The Literary Lions Gala has long been a major fund-raising event for the King County Library System. I participated in the first one where, if memory serves, authors were seated at long tables in the Bellevue Public Library while attendees walked by, carrying their beverages and observing us. Considering the name of the event, the similarity to being an animal on display inside a zoo was a bit too close for comfort—at least it was for me.
The speaker that night was awarded a molded glass lion. I left the event that evening feeling a bit out of sorts and with no idea that years later, I, too, would be awarded one of those molded glass lions. Mine now resides in a place of honor with a number of other awards on a chest at the end of our front hallway. That little award holding niche is a spot our decorator jokingly refers to as “the shrine.”
Shortly after that first event, we purchased our home in Tucson.
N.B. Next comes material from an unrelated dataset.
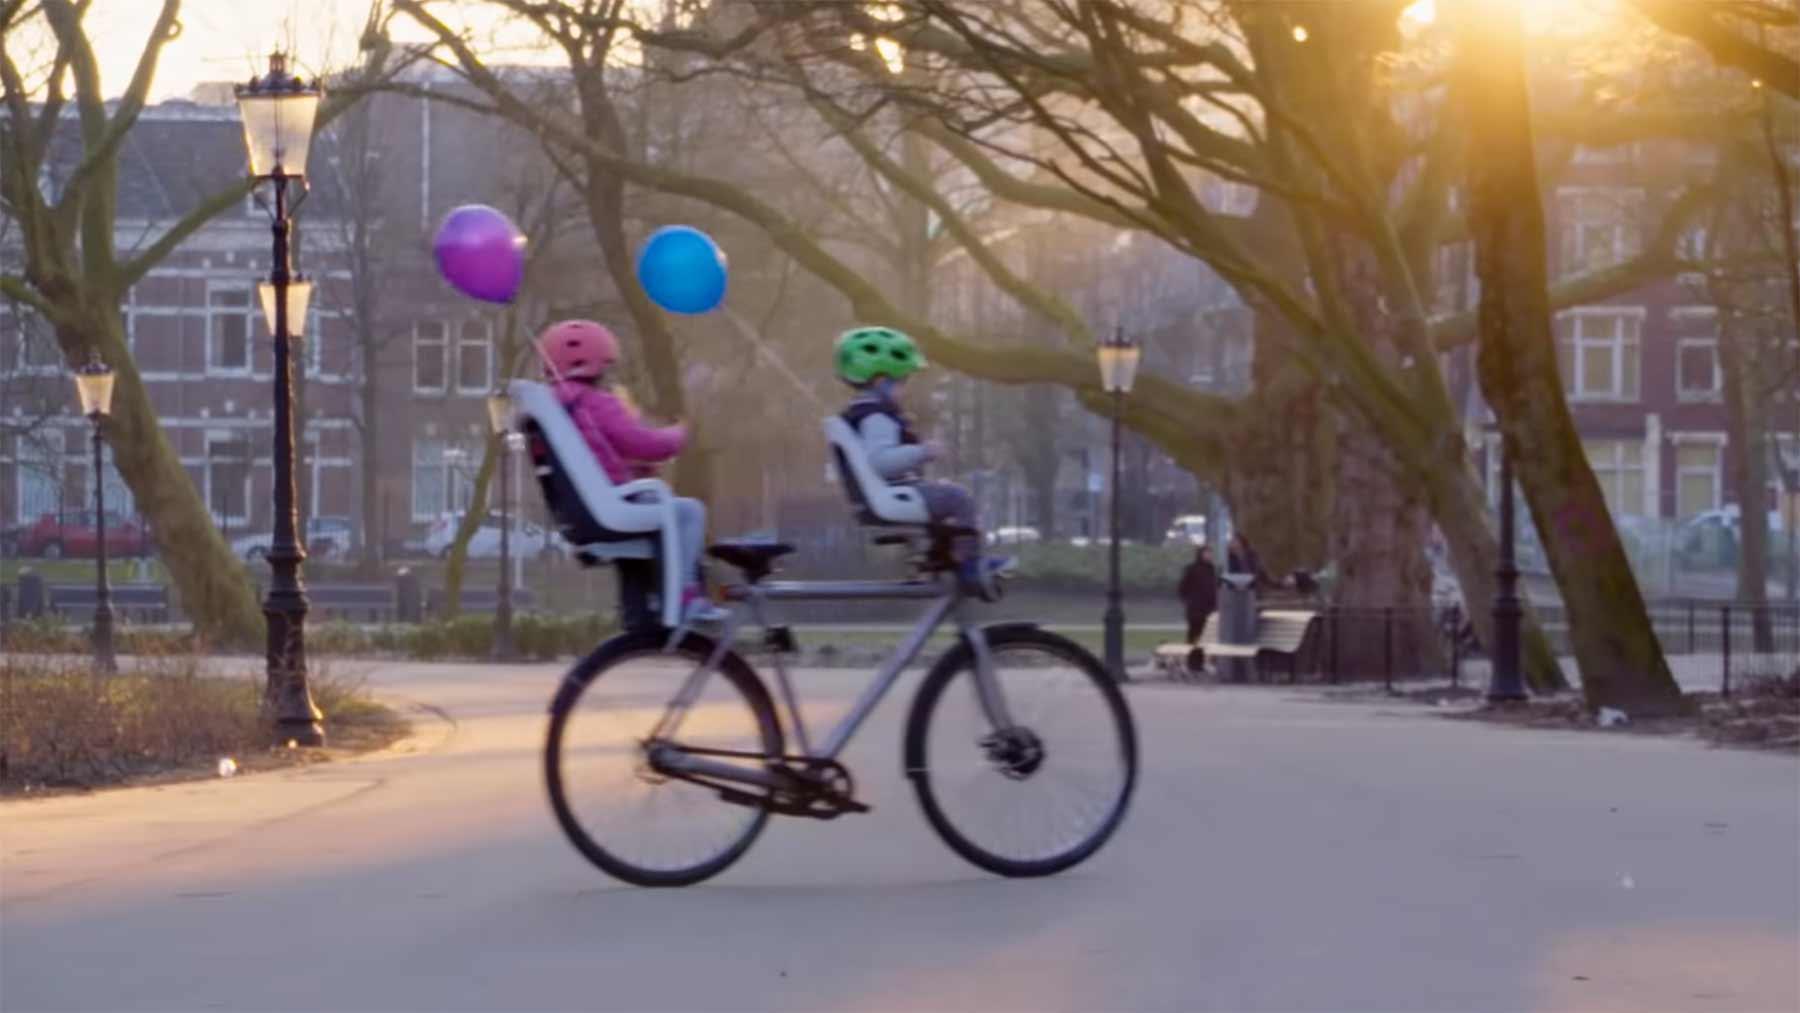 Selbstfahrendes Fahrrad von Google entwickelt selbstfahrendes-fahrrad

Since the Literary Lions Gala is held in March, that meant we were usually snow birding it close to 2000 miles away, thus making our attendance at the event itself impossible. But libraries have always been important to me, so when they asked for an auction item, I suggested hosting an author salon in our home, something that could be scheduled to occur after our return from Arizona. Over time, other people have caught on to that idea, and hosted author salons are currently big business for KCLS
For the past six years, seven now, that’s what we’ve done—hosted author salons at our home. These have mostly been afternoon garden party affairs complete with catered food and parking valets. People have dined outdoors at patio tables in and around our poolside gazebo. Scheduling considerations have generally meant that the parties were held on Sunday afternoons in July, and it turns out there’s a problem with that.
By July the interior of the gazebo is right in line with later afternoon sunlight. Believe it or not, the Seattle area gets a lot of that in mid to late July. And when the sun is shining full bore into the gazebo, even with protective curtains, the gazebo turns into your basic outdoor microwave oven.
For this year’s event, we decided to wise up. Instead of having our author-salon/garden party in July, we would hold it toward the end of June. And, to avoid the heat, we’d have a late morning brunch instead of an afternoon gathering.
So as we were doing sorting of furniture and hanging of art, the June 23rd deadline for our Literary Lions Author Salon created a very real deadline for having the work completed.
This year, as usual, Seasoned in Seattle provided the catering. With twenty paying guests, we decided we could forego the parking valet. There was a bit of a parking uproar at the top of our driveway at the very beginning, but that was settled in short order. My longtime friend, Patti Payne, conducted an author interview and did a fine job of it. But here’s something we hadn’t taken into consideration—the weather. It was way too cold for a garden party. Some people ate at the dining table in the gazebo all right, but they did so with the fireplace and portable heater running full blast. Some people ate on the back porch, but there, too, the heaters had to be on to keep them from freezing. Everyone else ate inside the house.
When it was time for the author interview, there was no chance of having that part of the program outdoors, so everyone migrated to our redesigned dining room and living room. The abandoned grand piano we rescued from the house next door has now gone to a new free-to-good-home location, which means the living room currently has a lot more room in it. And the furniture we dragged home from Tucson has settled into its new digs, providing a lot more seating capacity.
People from the library took photos of the event which they sent along yesterday. I believe I mentioned that when our grandson Colt came through the redesigned living room, he looked around and said, “Grandma, it looks like an art gallery exploded inside your house.” I have to agree, that’s a pretty good analogy.
After I posted about our art-hanging adventure, a number of people asked to see photos. When the ones from KCLS showed up yesterday, I decided they were just the ticket. As you can see from the photos, there’s a lot of glass in the room and not that much wall space, so we made use of every inch.
The large paintings there are done by artist M.L. Coleman, our good friend from Sedona. His paintings have graced our walls for years now, and our friendship with him and his wife, Sheri, has graced our lives for that many years as well.
As for next year’s author salon? We’ll probably stick to the brunch idea, but maybe a date in July would work out better. I don’t want any attendees going home with cases of pneumonia.